WHAT THIS TASK INVOLVES
Word for word, transcribe the lines below and drop the pictures.

COLLECTED MATERIAL
Start of Block
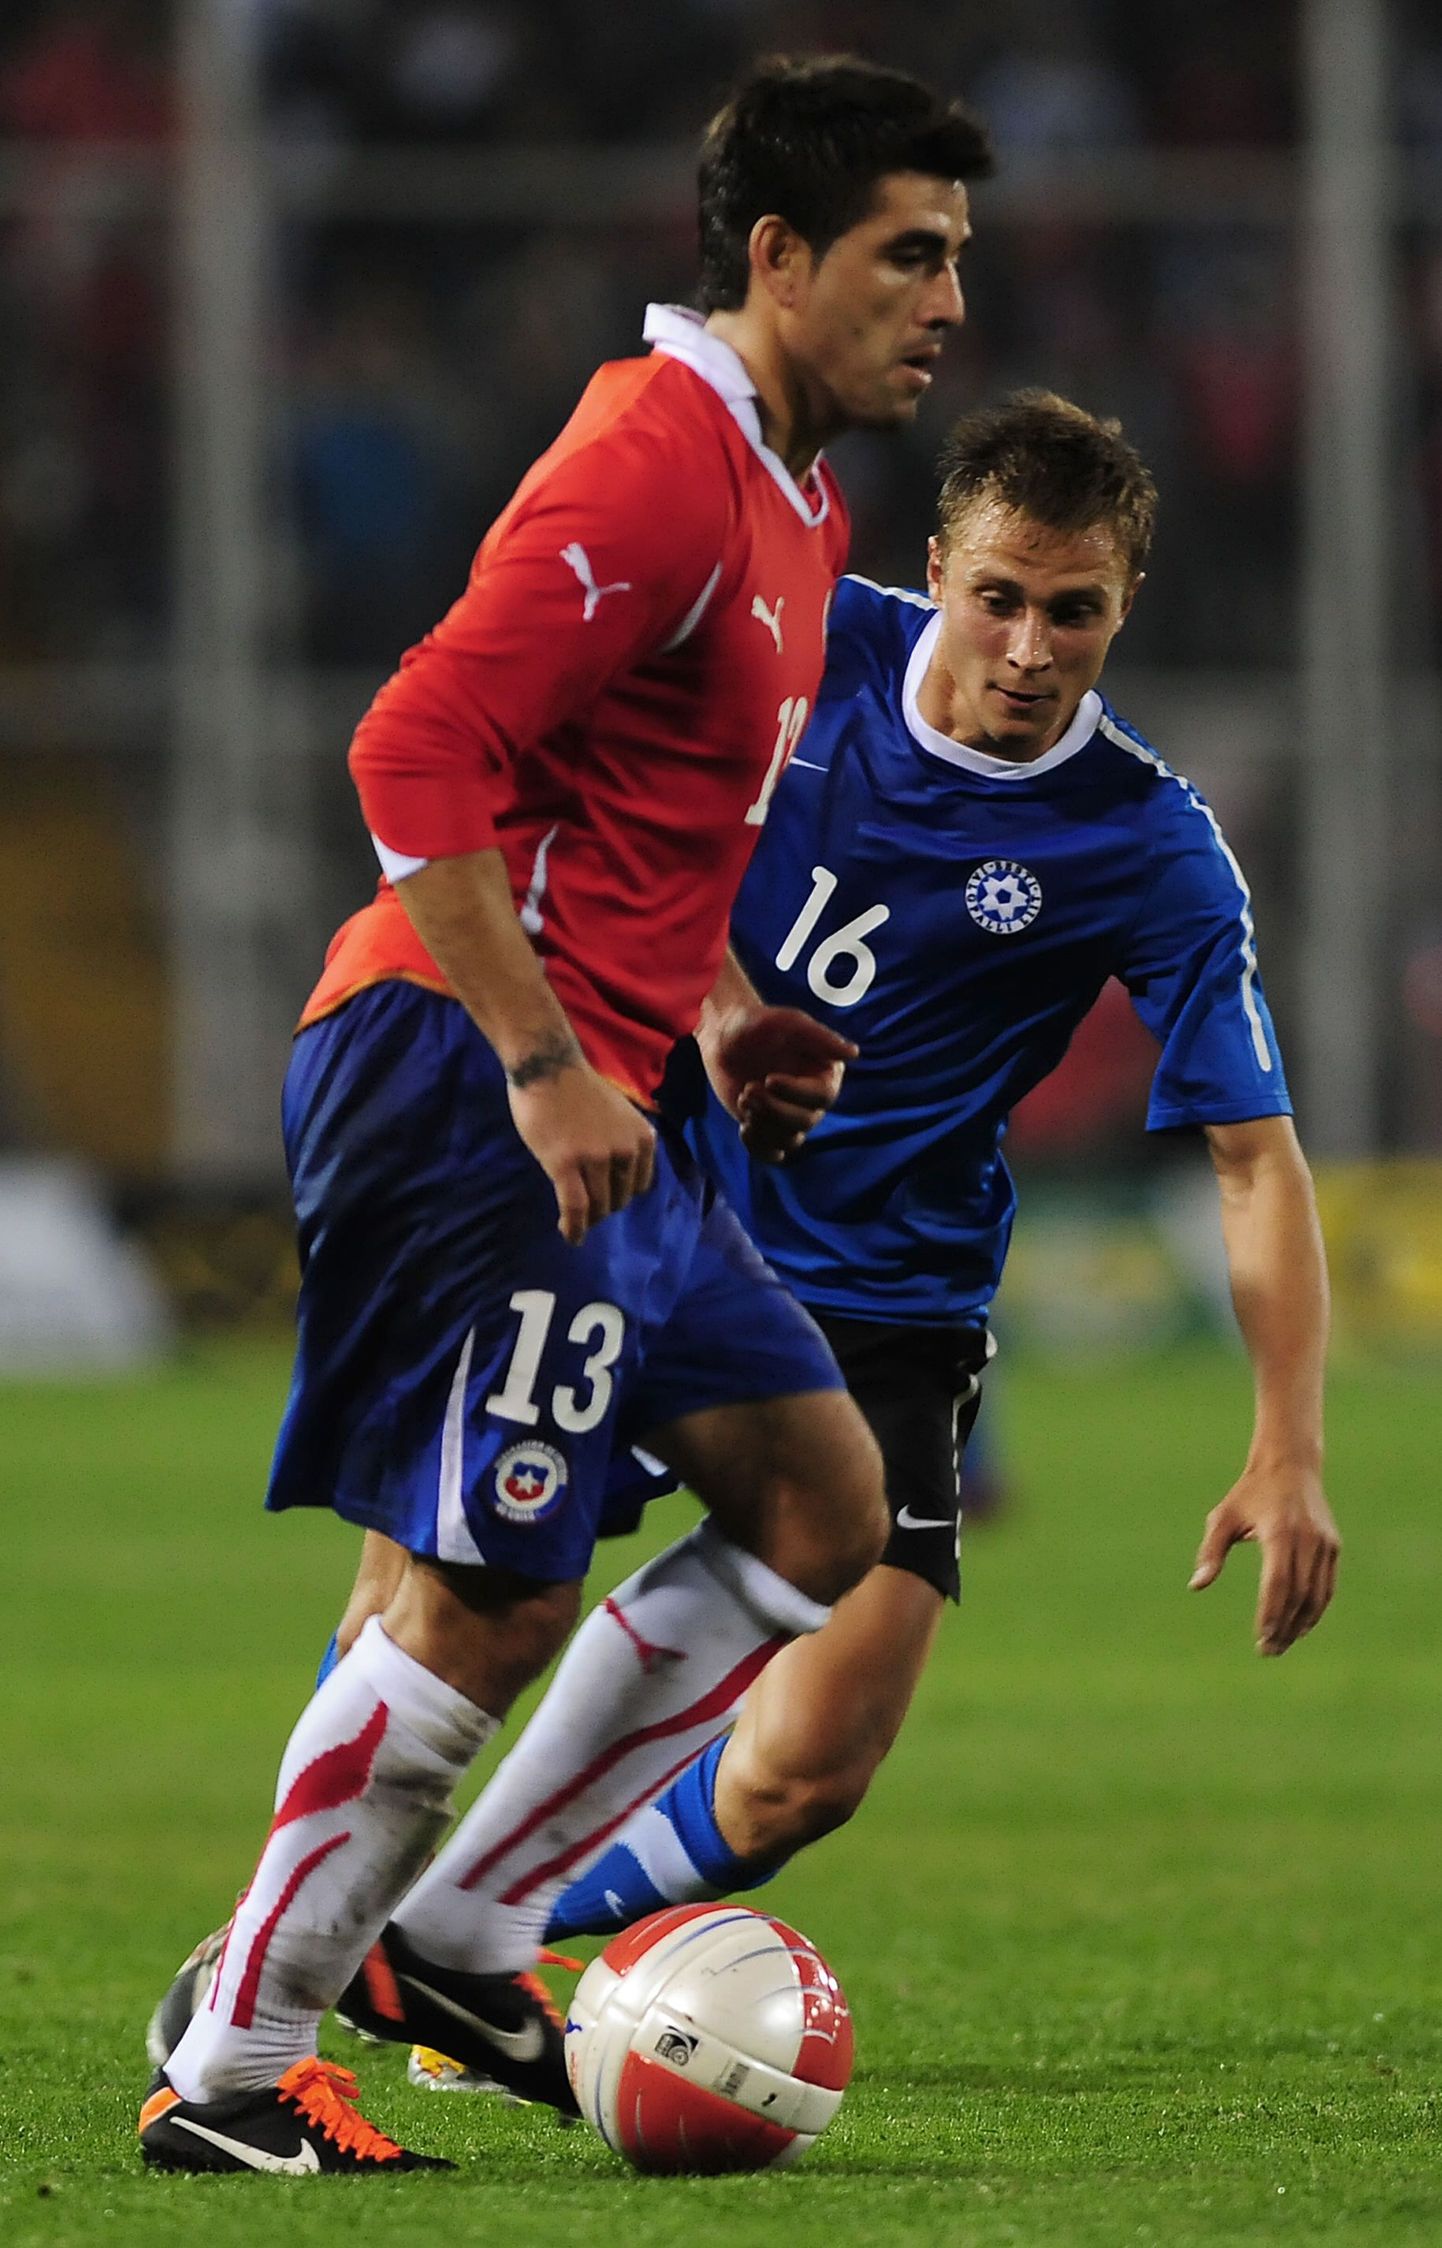 Герд Камс (справа) в матче за сборную Эстонии.
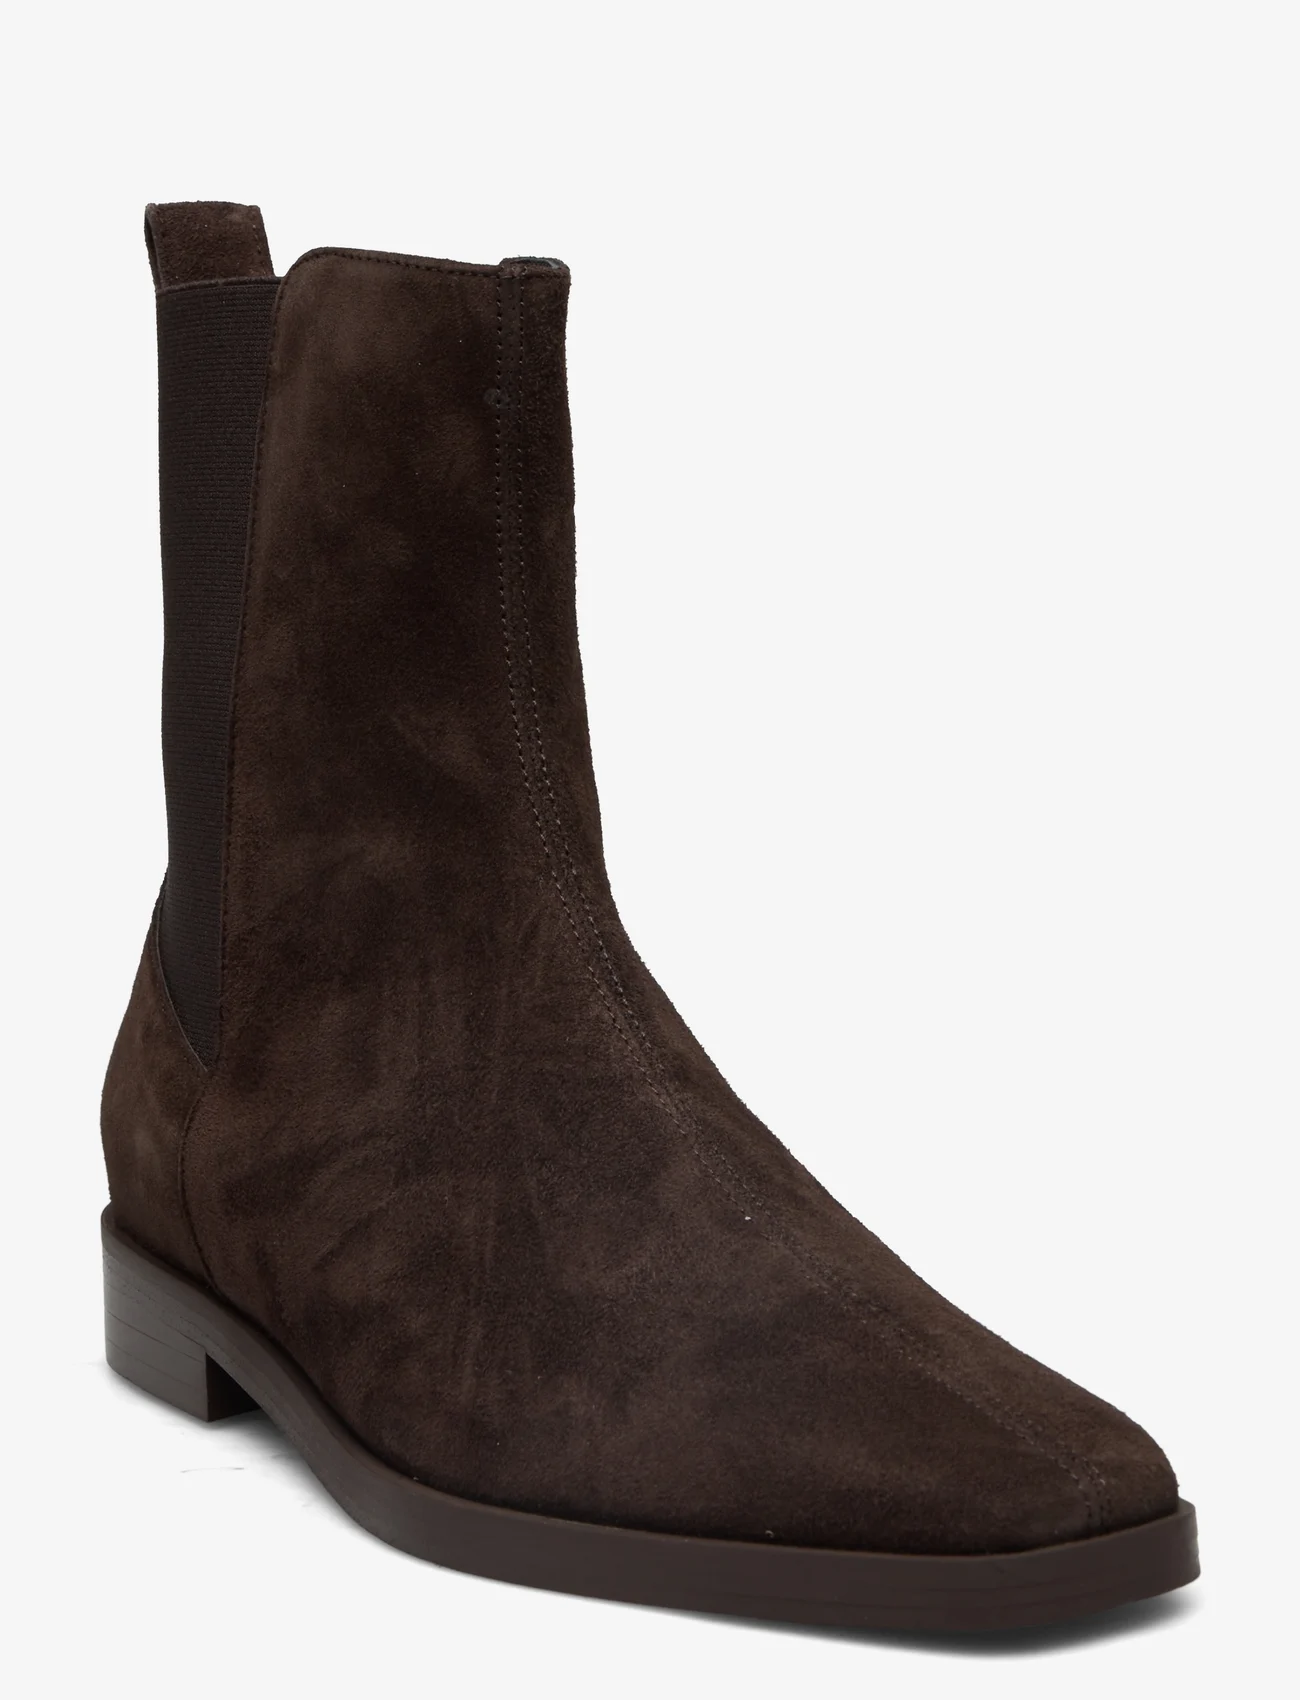 Billi Bi - Boots - flache stiefeletten - dark brown   suede - 0
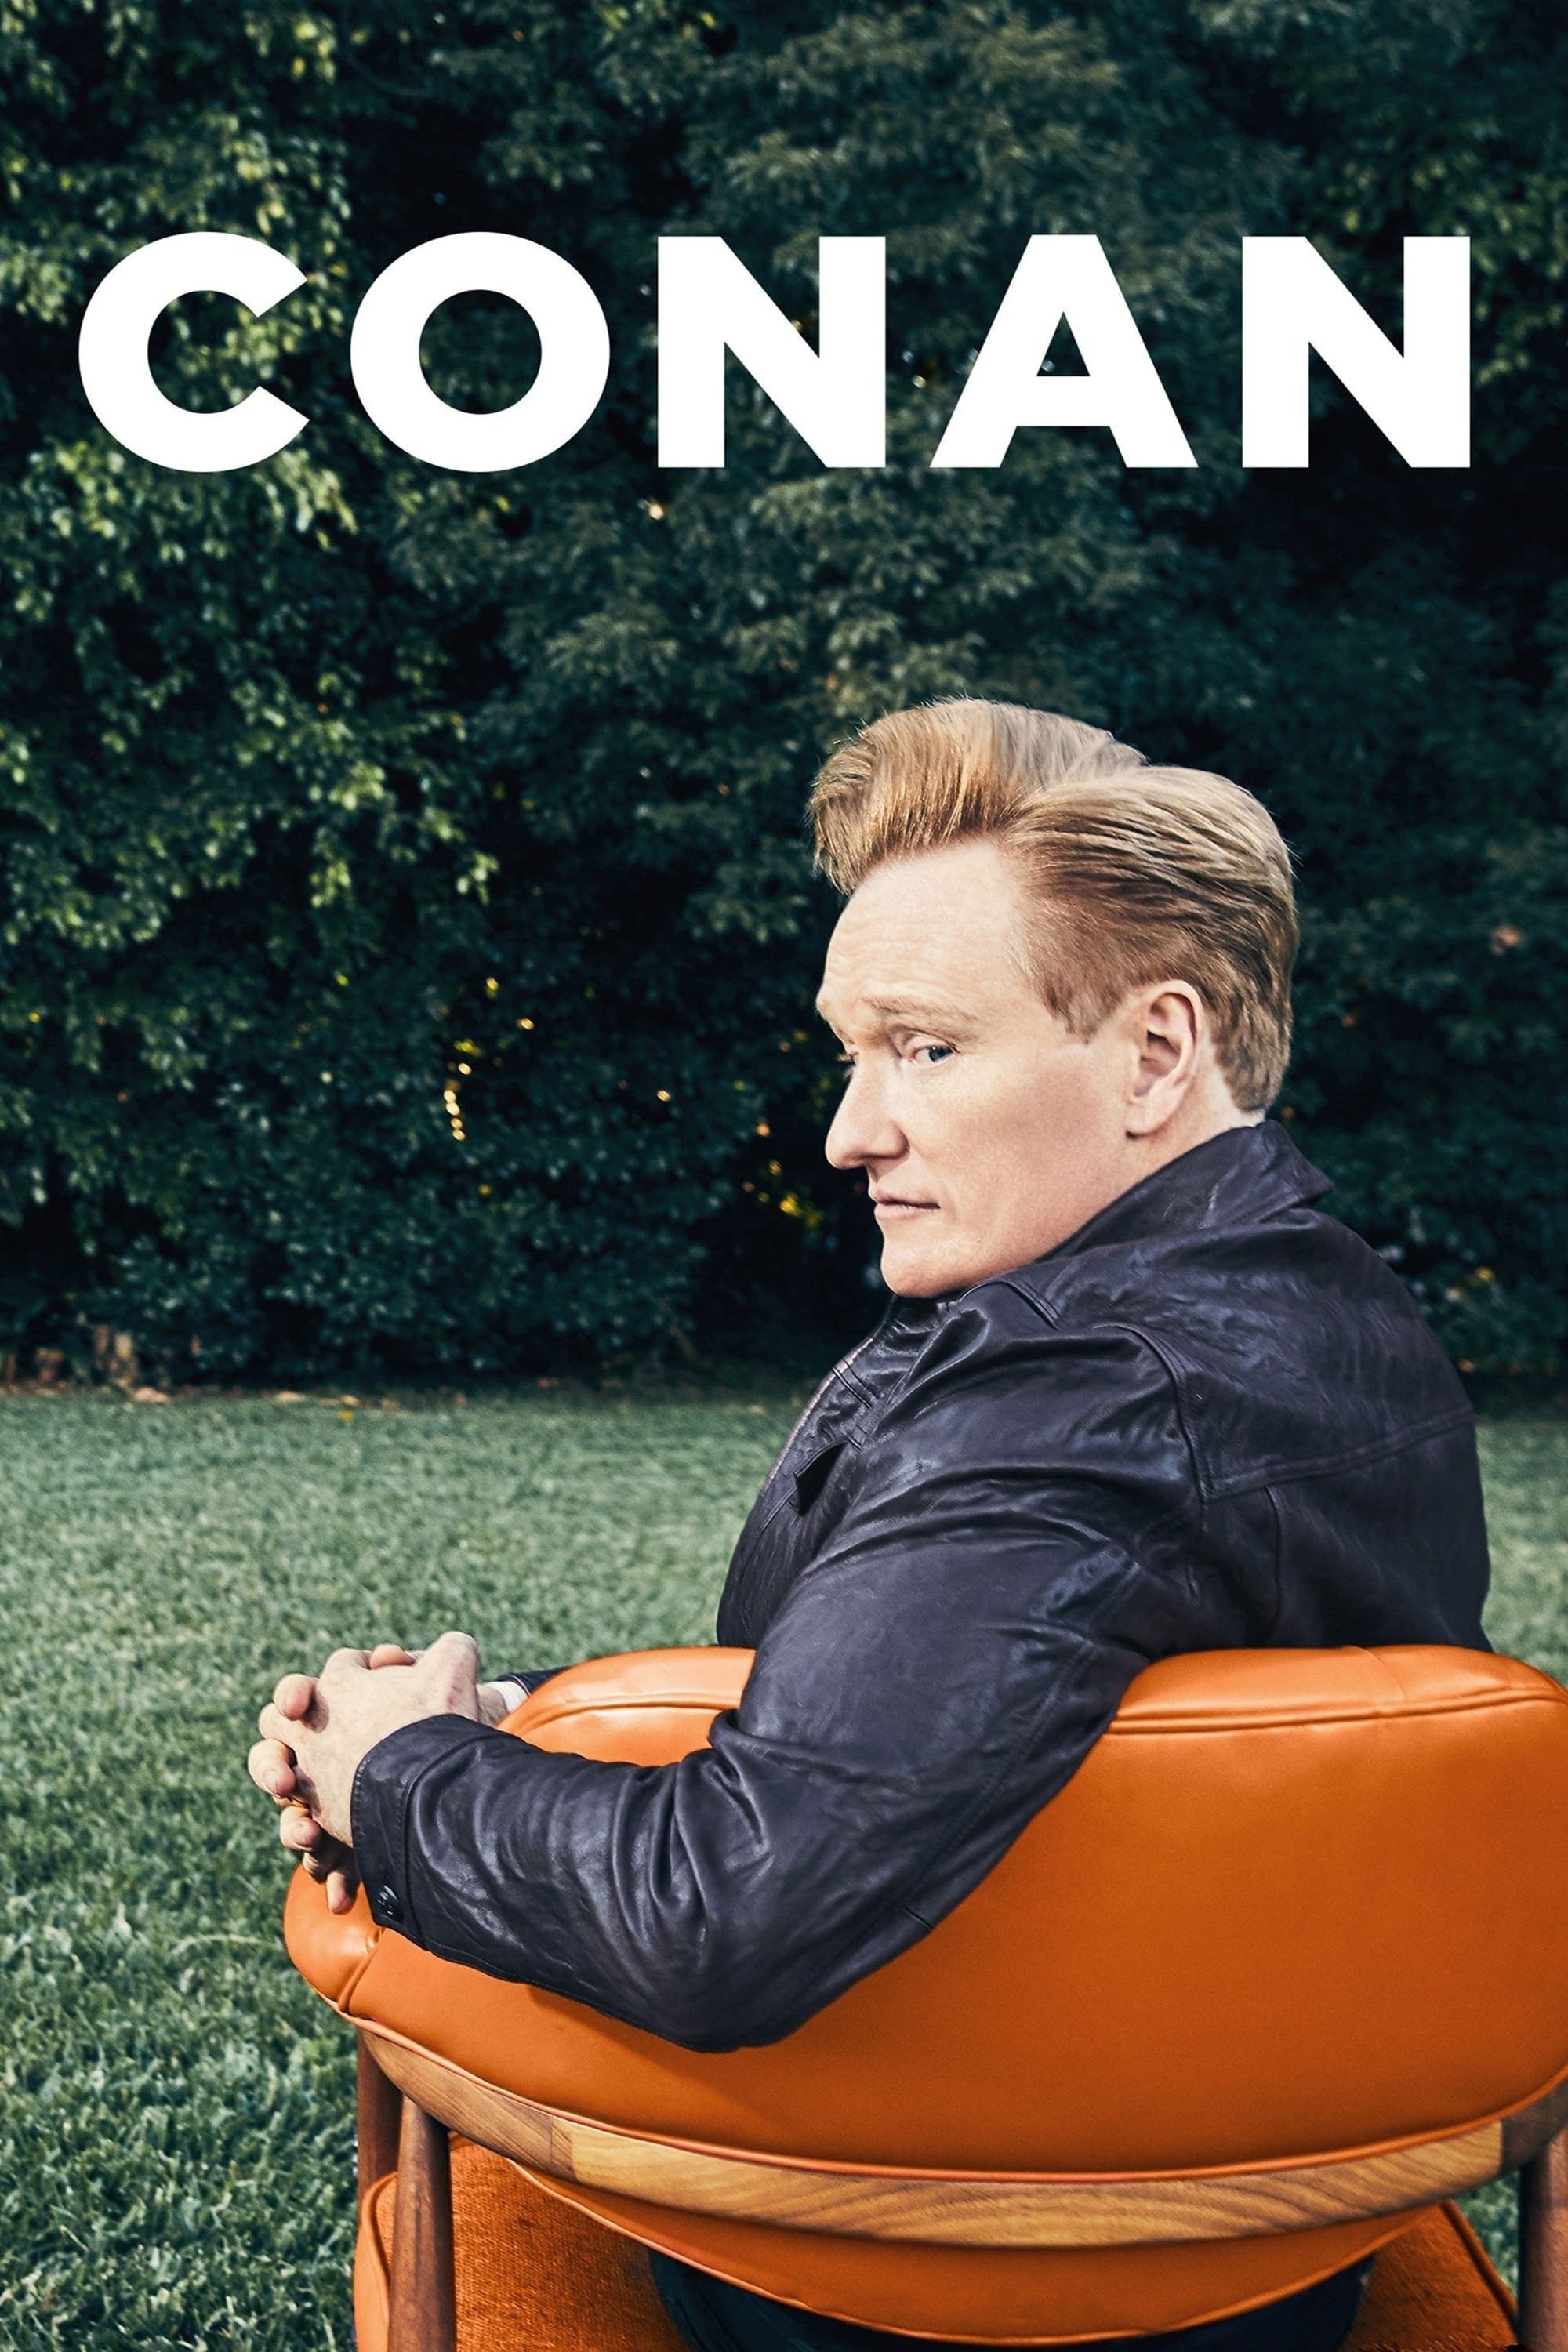 Conan Season 10
End of Block
RESULT
 Герд Камс (справа) в матче за сборную Эстонии.
 Billi Bi - Boots - flache stiefeletten - dark brown   suede - 0
 Conan Season 10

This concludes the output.